Joseph Christopher was ultimately arrested and put on trial for the killings and attacks in New York. According to The New York Times, he insisted on representing himself, and after a series of verdicts, appeals, retrials, and psychiatric evaluations, was ultimately found guilty and handed a series of sentences that, the AP reported, would see him spending the rest of his life in jail. He did — he died in Attica, in 1993.

Valentino Dixon

At a glance, it seems straightforward. In 1991, a fight broke out in front of a Buffalo hot dog joint. One person, Torriano Jackson, didn't walk away. Police later arrested Valentino Dixon for the shooting, and he was ultimately sentenced to 38.5 years in prison — most of which he was going to be serving in Attica. That comes with a huge "but" though: Dixon didn't do it. After his arrest, another man confessed to the shooting, but no one ever followed up on the confession.

Dixon took solace in something he hadn't explored in a long time: art. And here's where things took an incredible (albeit slow) turn, when one of Attica's correctional officers asked him to draw one of the greens of the Augusta National Golf Club. He did, and was so inspired that he started drawing more golf courses, eventually writing to Golf Digest about his art, his conviction, and how important the works had become.

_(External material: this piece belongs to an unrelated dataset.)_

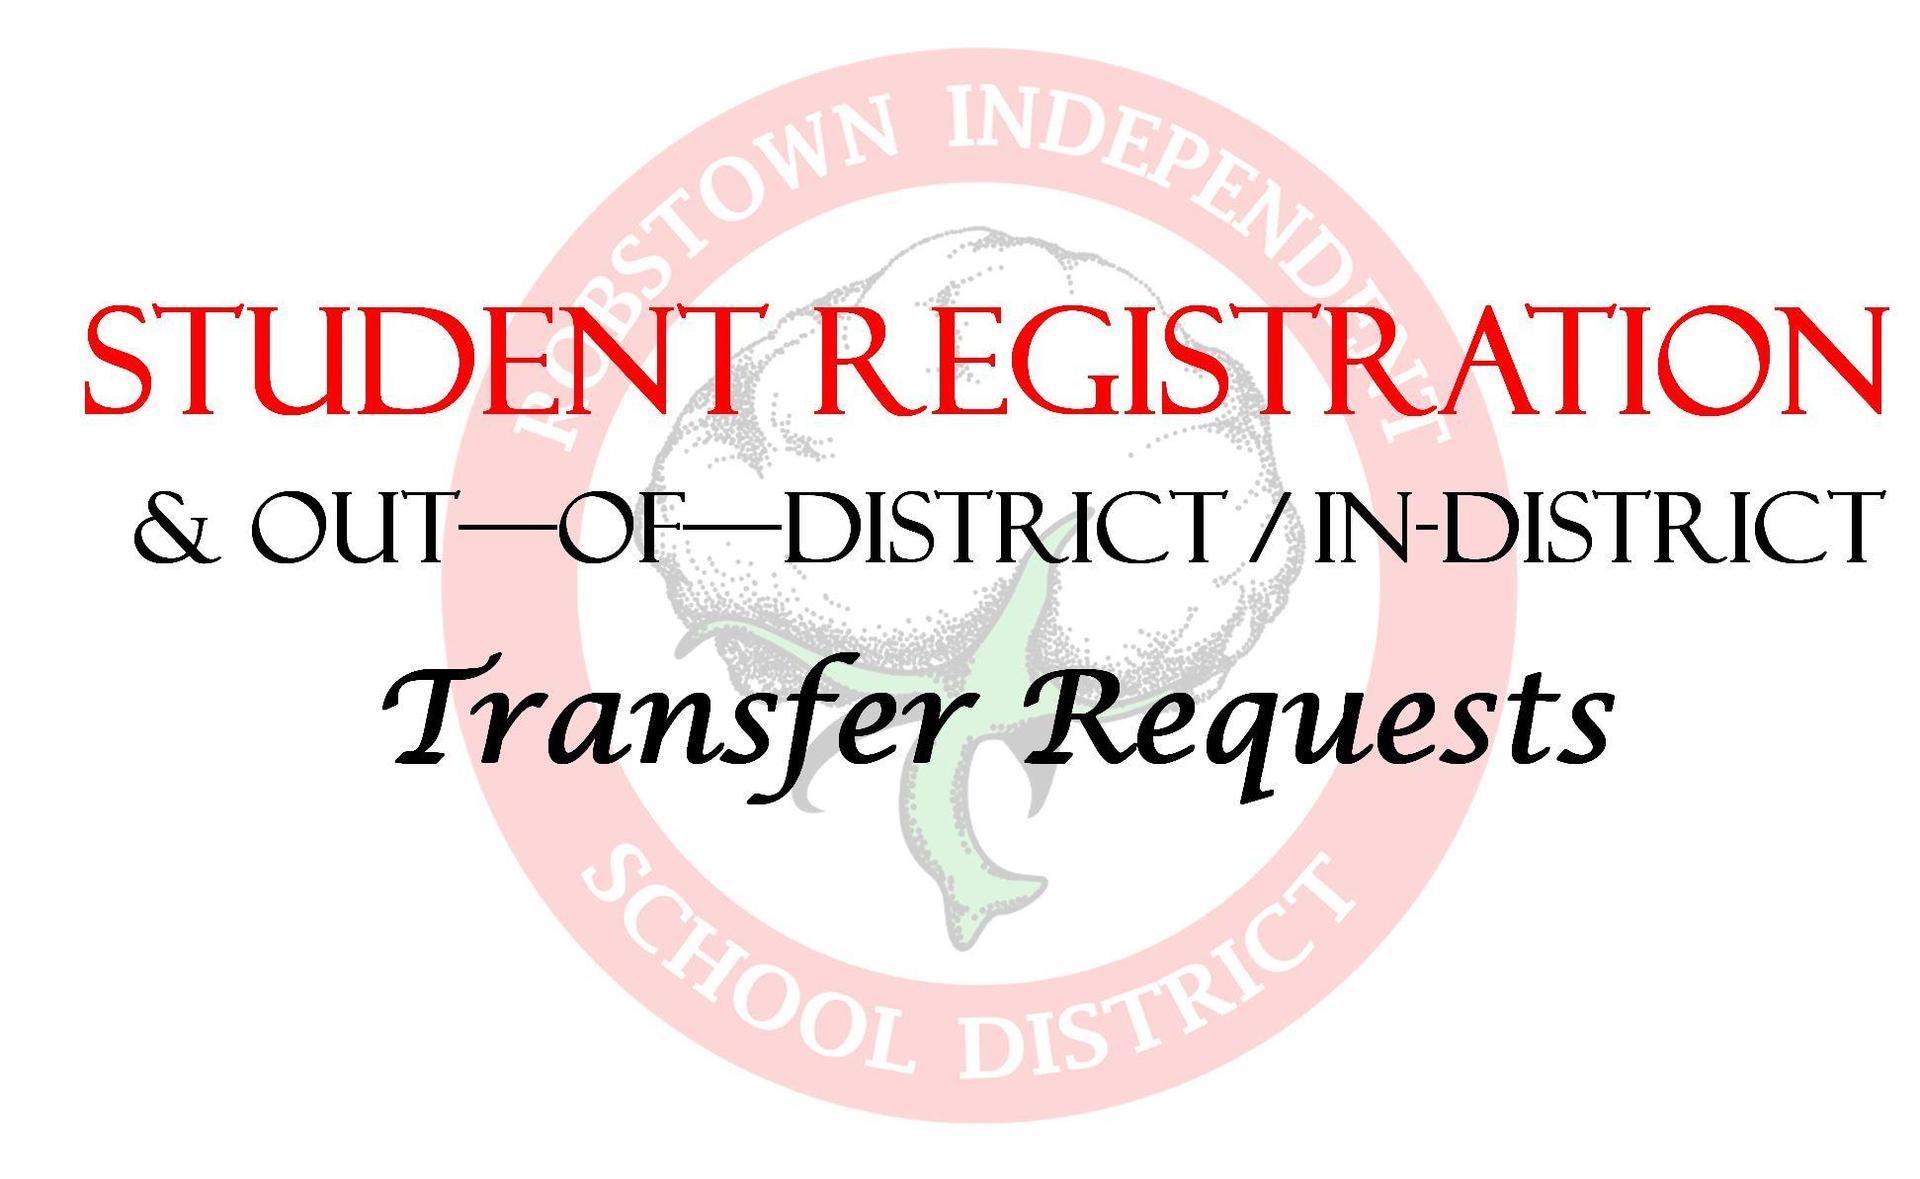 Transfer Request

The so-called "artist of Attica" was ultimately featured in a piece at the magazine, and that got him some serious attention. In 2018, a group of Georgetown University students decided to reinvestigate the case, and they actually came up with enough new evidence that it started a review process. After 27 years in prison, Dixon was found innocent and released. He went on to start an organization called Art of Freedom, which advocates on behalf of those wrongfully convicted (via CNN). He gave Michelle Obama that original drawing.

H. Rap Brown/Jamil Abdullah Al-Amin

The National Archives says that when H. Rap Brown was campaigning to have his Student Nonviolent Coordinating Committee join up with the Black Panthers, he didn't really have much luck in convincing others to see eye-to-eye with him. That likely had something to do with the criminal charges he was avoiding, and it wasn't until 1971 that he was finally arrested, put on trial for armed robbery, and sent to Attica.

The Los Angeles Times says that he only served four years of his five-to-15 sentence, and while he was there, he converted to Islam (and would later become a cleric), afterwards becoming known as Jamil Abdullah Al-Amin. After he was paroled, he spent some time living in Georgia and running his own grocery store in Atlanta, but he was back in court in 2002. This time, it was on murder charges, following a run-in with two police who were trying to carry out a bench warrant that had been issued after Al-Amin was accused of impersonating law enforcement and theft.

Al-Amin was ultimately convicted, and when he appealed to take the case to the Supreme Court, the Associated Press reported that they denied him.